Tuesday, August 11, 2020

I don't know who you are.



I don't know where I was or how old when I first saw the ad above. But I do know it was in the "book" era, not the digital era and as much as I wanted to, I couldn't rightfully tear the ad from the volume I was reading. Nevertheless, I made mental notes about it and stored it in my near photographic memory.

Some years or decades later, after making one of the many wrong turns that eventually add up to a career, I was the co-head of the flagship office of a big dull agency. We were pitching some giant piece of business and I remembered that ad and, having access to Google, was able to get my grubby hands on it.

I showed it to my assistant, a bright young woman. Instead of seeing what I saw, all she could see was the scary "school-teacher's face" of the man in the chair and couldn't even consider that that was part of the point of the ad.

Now it's 20 years after that moment which was 20 years after I first encountered the ad which was 20 years after the ad was originally written. The ad, in fact, was created by an agency I never heard of, Fuller Smith & Ross, and the man in the chair was an account executive who helped create the ad, Gilbert Morris. It first ran in 1958. A few months after I sprung from my mother's loins. If I can say that on a family blog.

Our current world is infected with a disdain for everything old. At least half the industry these days have never written an ad for paid media, and many of those in the industry haven't read, or understood, a single bit of anthropology. They believe that with every "new" thing, the wiring of humanity itself will change.

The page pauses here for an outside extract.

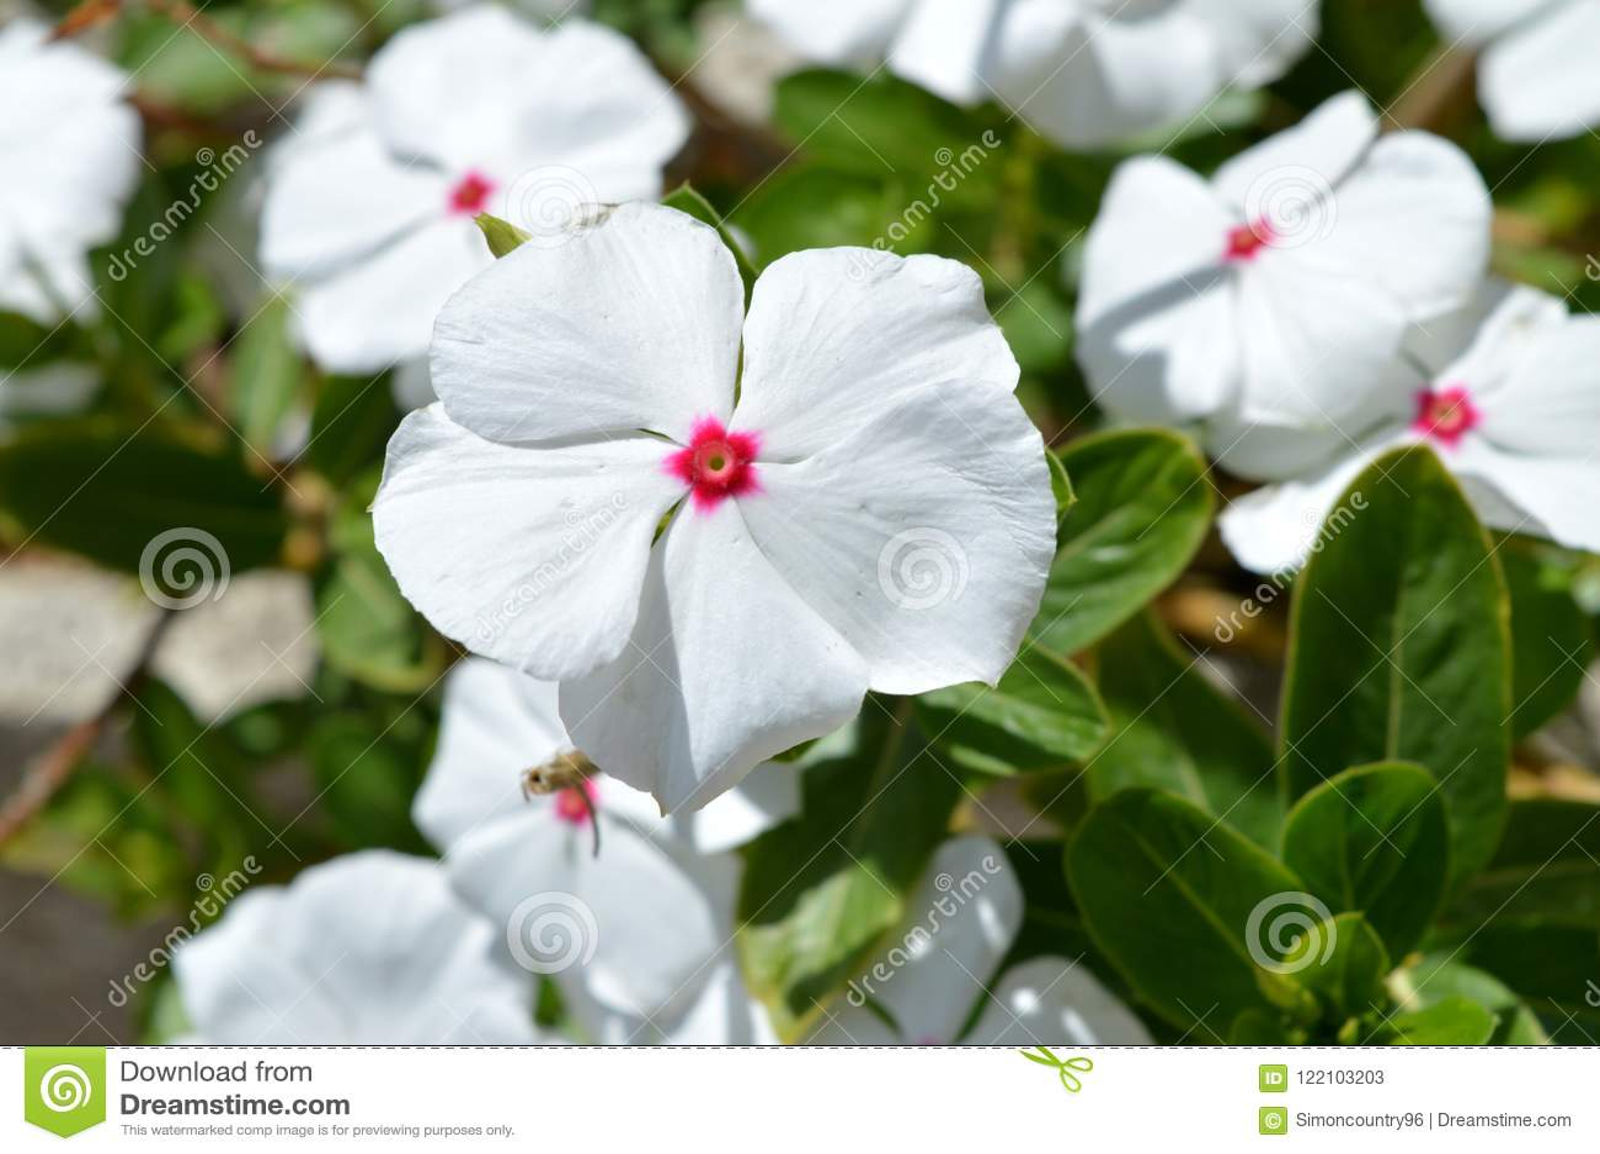 Close-up Of White Madagascar Periwinkle Flowers ...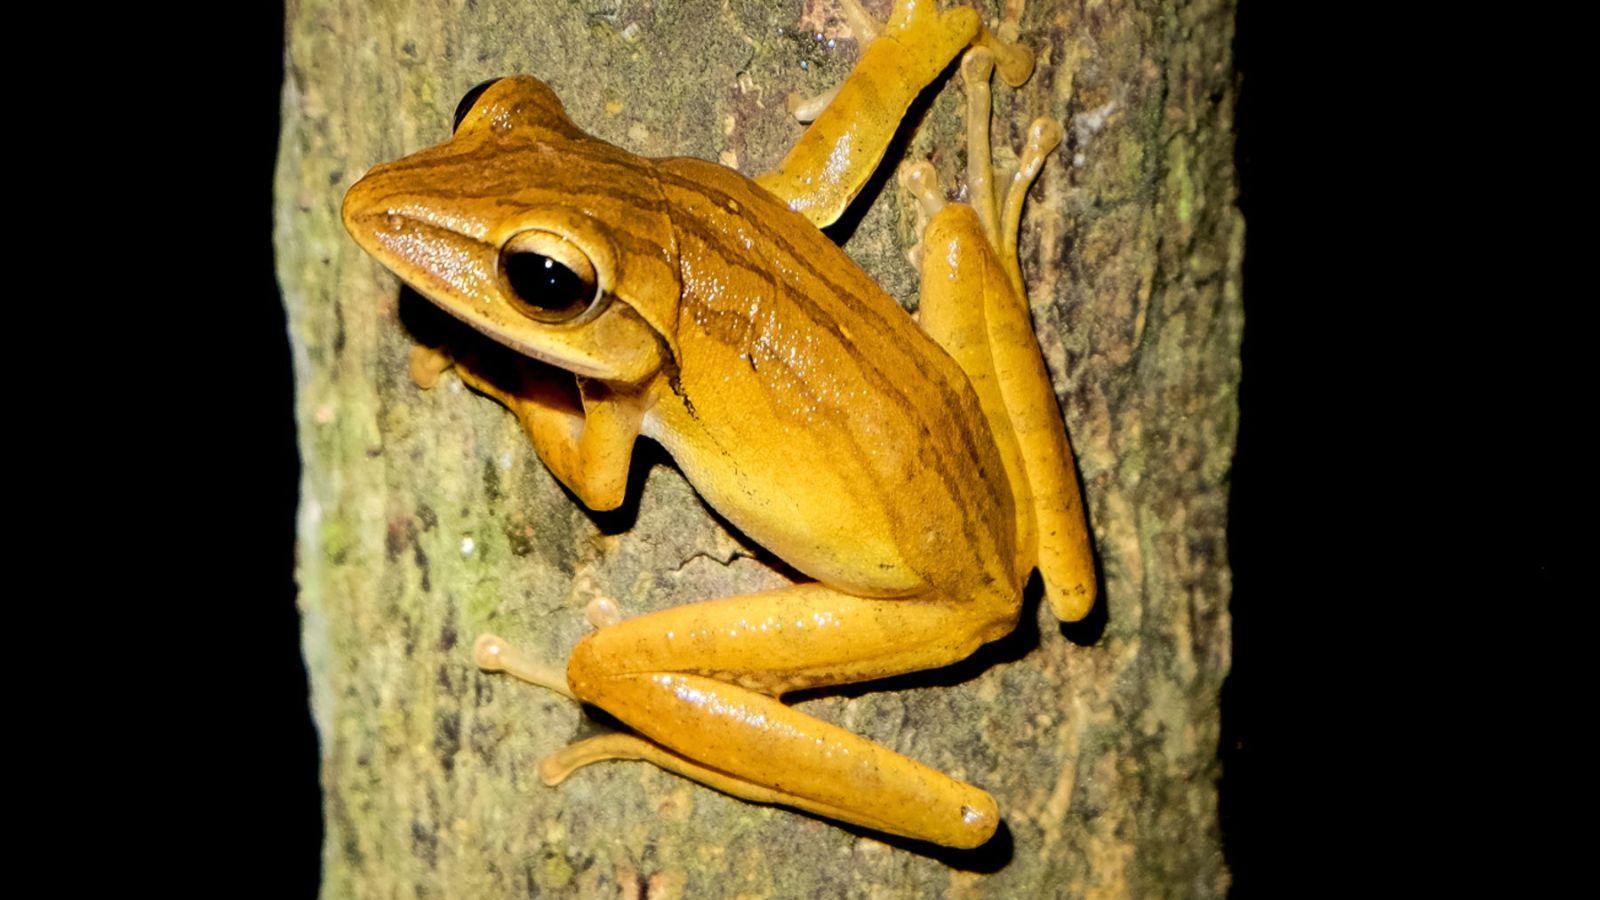 a photo of a climbing frog in gunung leuser national park.

So, they believe people, for whatever reason, will want to have conversations with brands. They believe people will want to interact with ads. And they believe useful consumer information is no longer needed in order to buy a product. No, they proffer, without evidence. I will buy a $70,000 car because a sallow model drives it, or a drunk and philandering golfer or because they append the meaningless adjective "Joy," to the automobile's logo and call that a tagline or summary thought.

In fact, the stupidity of marketing professionals seems to be increasing even faster than global temperatures. And I say that on a 98-degree day.

Not long ago, for instance, the German automaker BMW inflicted on the world a minor logo update. Though they're ten years (at least) behind Tesla in making an electric power-plant, for whatever reason their logo is consuming thousands of employee-hours and, I'd assume, millions of dollars.

Here's the massive change.


Here's what Jens Thiemer, Senior Vice President of Customer & Brand at BMW had to say about this brilliant communications apotheosis.

"[It's] more than just a design update: The layout of BMW’s new brand look and feel stands for the mobility of the future.

 

“BMW becomes a relationship brand. The new communication logo radiates openness and clarity. With this new transparent variant, we want to invite our customers more than ever to become part of the BMW world. In addition, our new brand design is geared to the challenges and opportunities of Digitization for brands. With visual restraint and graphic [sic] We are equipping ourselves flexibly for the wide variety of contact points in communication at which BMW will show its presence online and offline in the future. The additional communication logo symbolizes the significance and relevance of the brand for mobility and driving pleasure in the future.”

I suppose I do a fair amount on Mad Magazine-level parody on this blog. But even when I'm going to extremes I can't lay the bullshit on nearly as thick as good ol' Jens can.

I ask you, and I ask my friends in the design end of the industry, have you ever smelled more redolent fertilizer? It might even put Terry Southern, Peter George and Stanley Kubrick to shame.


My deepest belief is that 99% of all people feel about 99% of all brands as the man in the chair above does. 

In brief, I don't know who you are, what you sell, or why you're better.

But rather than tell you what you want to know, lemme send out a puerile tweet and take 18 months to slightly change a logo while employing a raft of people who are categorically unable to speak without shoveling manure. That passes, today, for salesmanship.

Whatever you want to call our business today, communications, advertising, marketing, brand interface engineering, our most important function is to define who a client is and what they do and or sell.

Most people don't know, don't care, don't remember or are dealing with the awful and pressing vagaries of life--made worse by a cruel economic system, the crushing unequal distribution of wealth and a concerted attack on middle-class standards of living.

I don't know how or why we've stopped caring or knowing about that or about people. I don't know how or why ads that never run have become more important to a dying industry than ads that move business. I don't know how or why we've gotten here. I do know that to, again, 99% of all people, as an industry we don't matter because we don't do things that matter to the people who pay us.


Someone somewhere updated the classic ad above with the classic ad below. I don't 100% agree with all of it. 

But I certainly agree with its first line.

And to all those people spending nine days to write a brief, maybe it's all as simple as answering that issue. We have to make people care who we are.